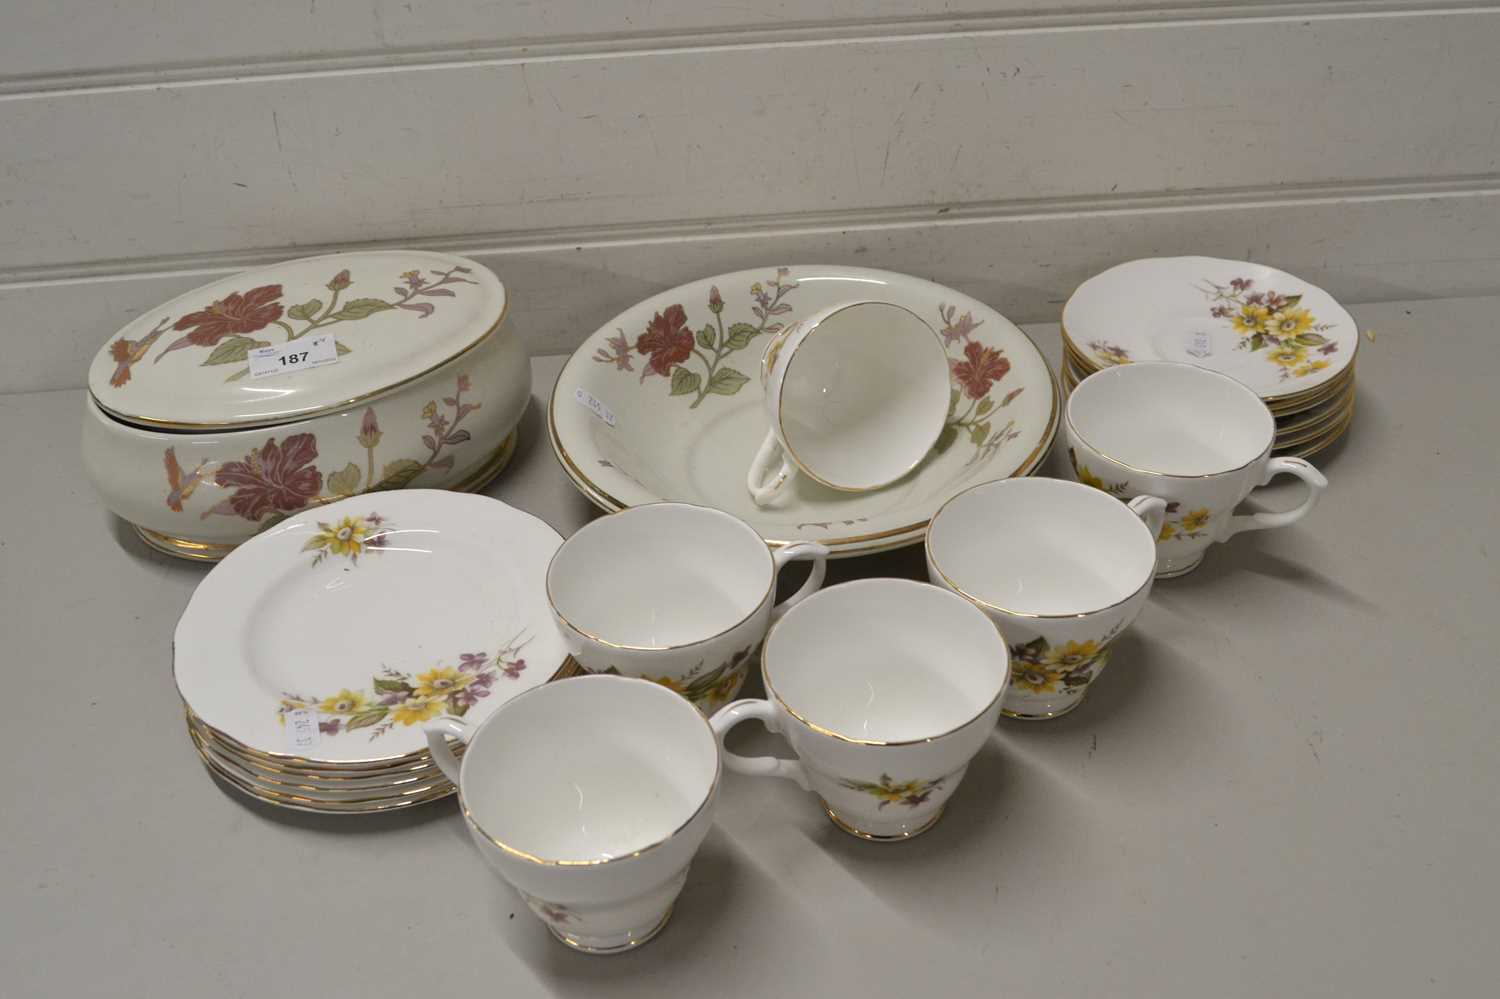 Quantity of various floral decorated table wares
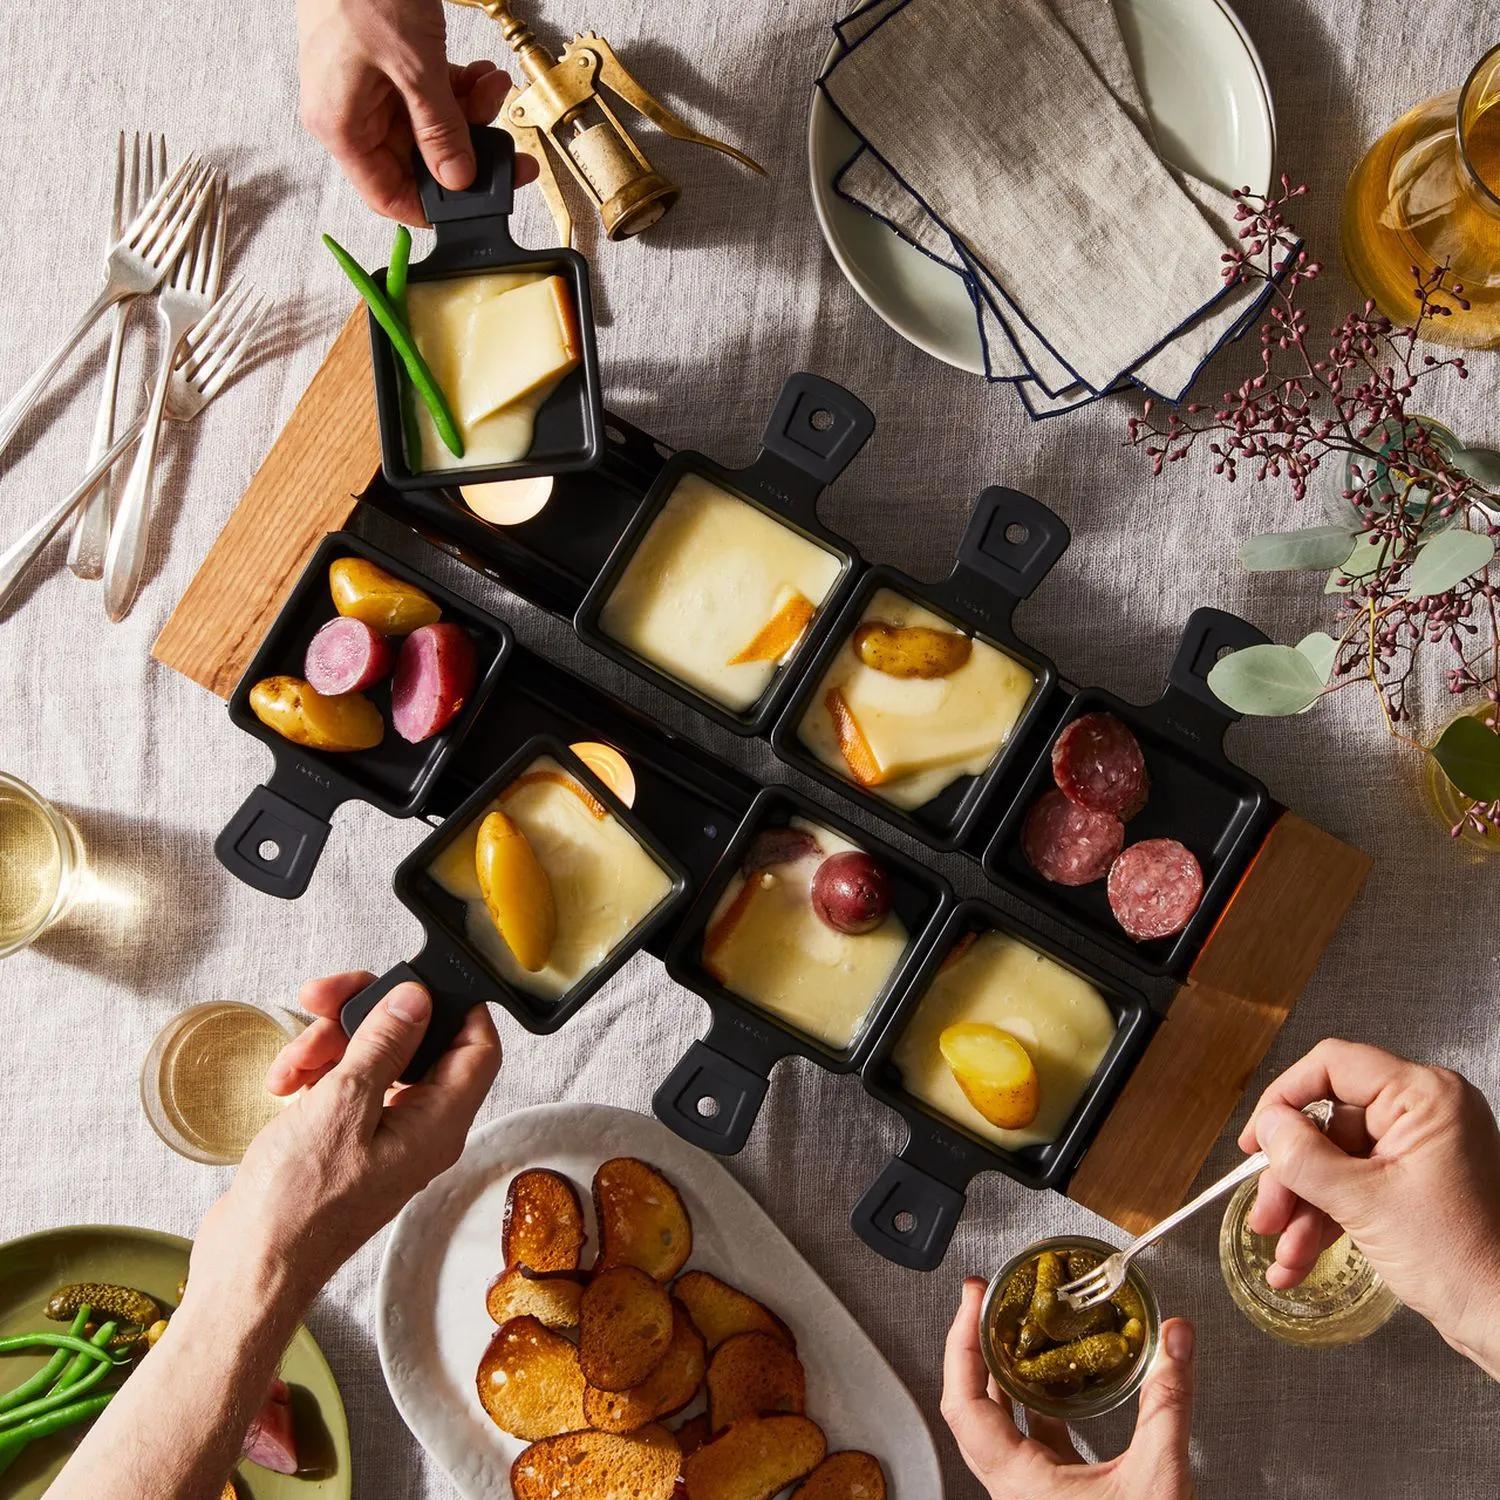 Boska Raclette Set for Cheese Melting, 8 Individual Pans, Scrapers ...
* * *
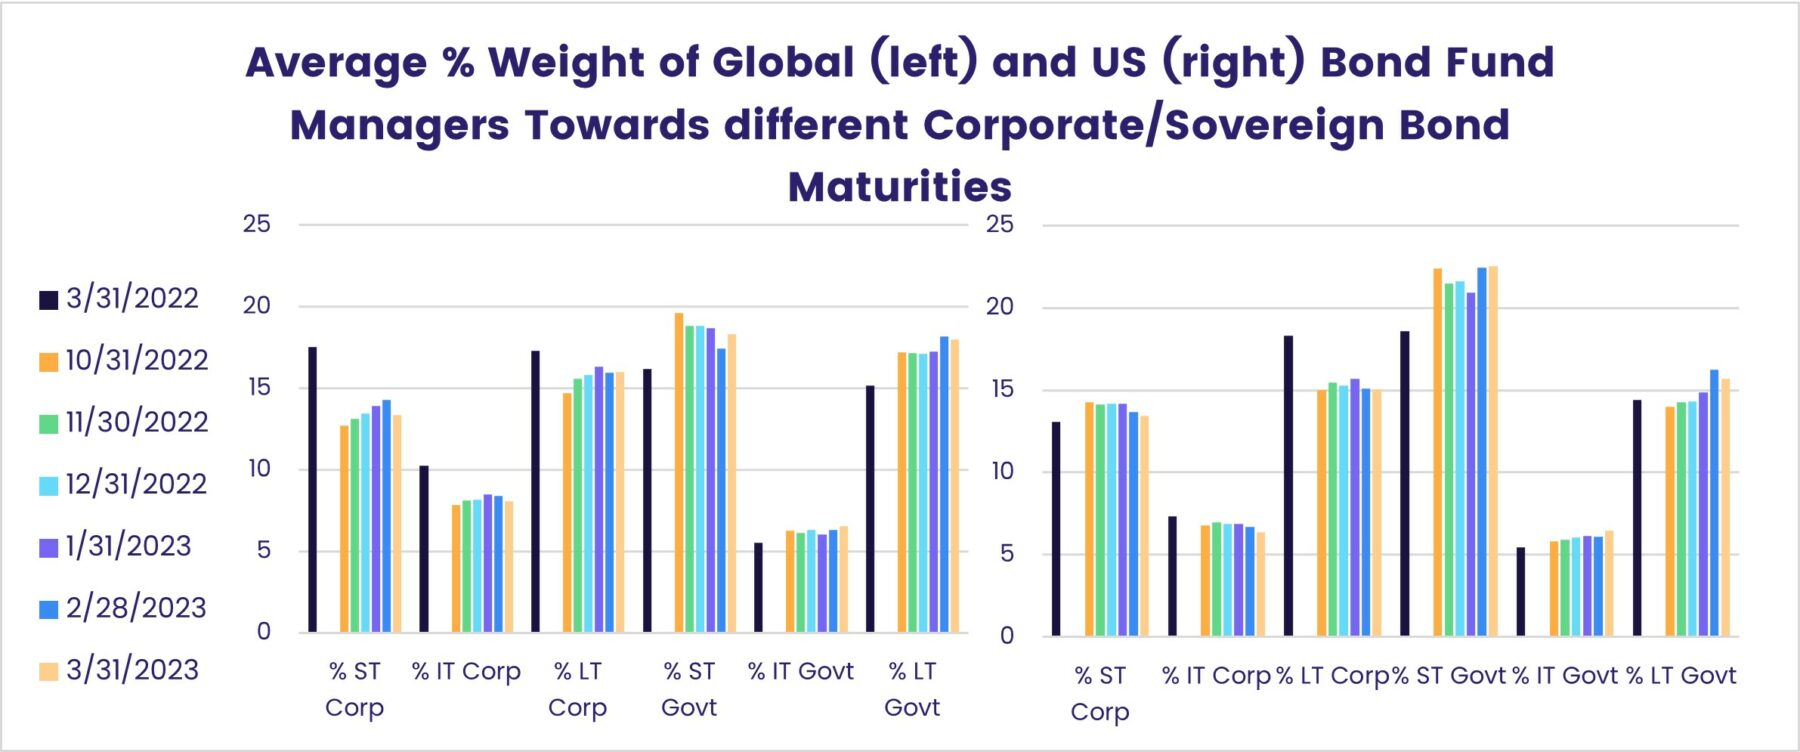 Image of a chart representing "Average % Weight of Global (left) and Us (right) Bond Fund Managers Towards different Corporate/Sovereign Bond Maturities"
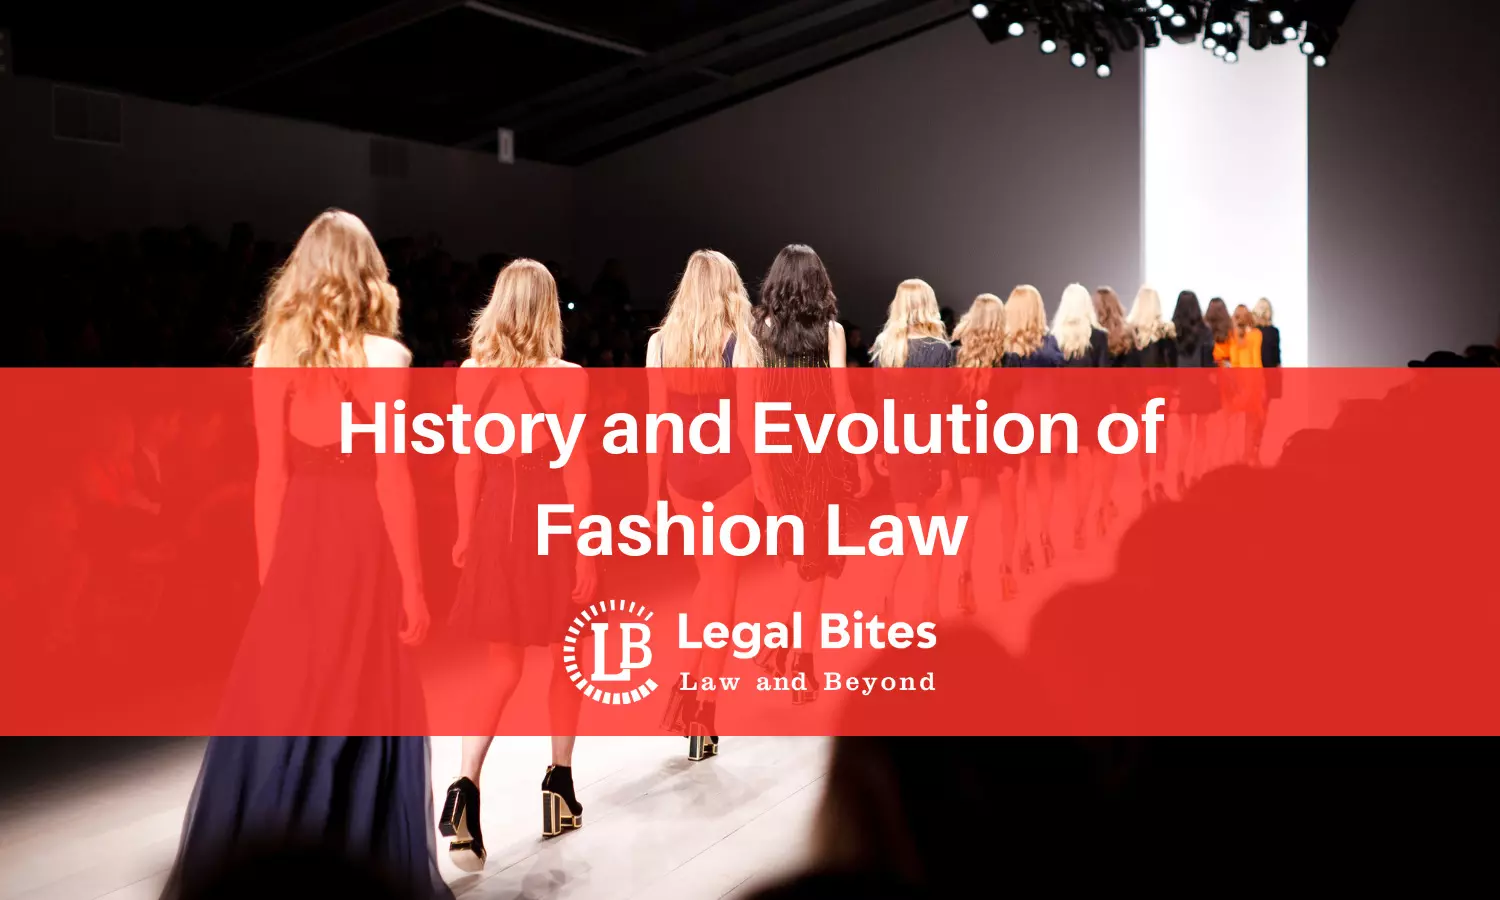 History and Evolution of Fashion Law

● **HOW TO COMPLETE THIS TASK**
Among the entries above, locate the line with "Image of a chart" and the line with "History and Evolution of Fashion Law". Give those two lines and all lines between them again, exactly, leaving out the pictures.

● **YOUR SOLUTION**
 Image of a chart representing "Average % Weight of Global (left) and Us (right) Bond Fund Managers Towards different Corporate/Sovereign Bond Maturities"
 History and Evolution of Fashion Law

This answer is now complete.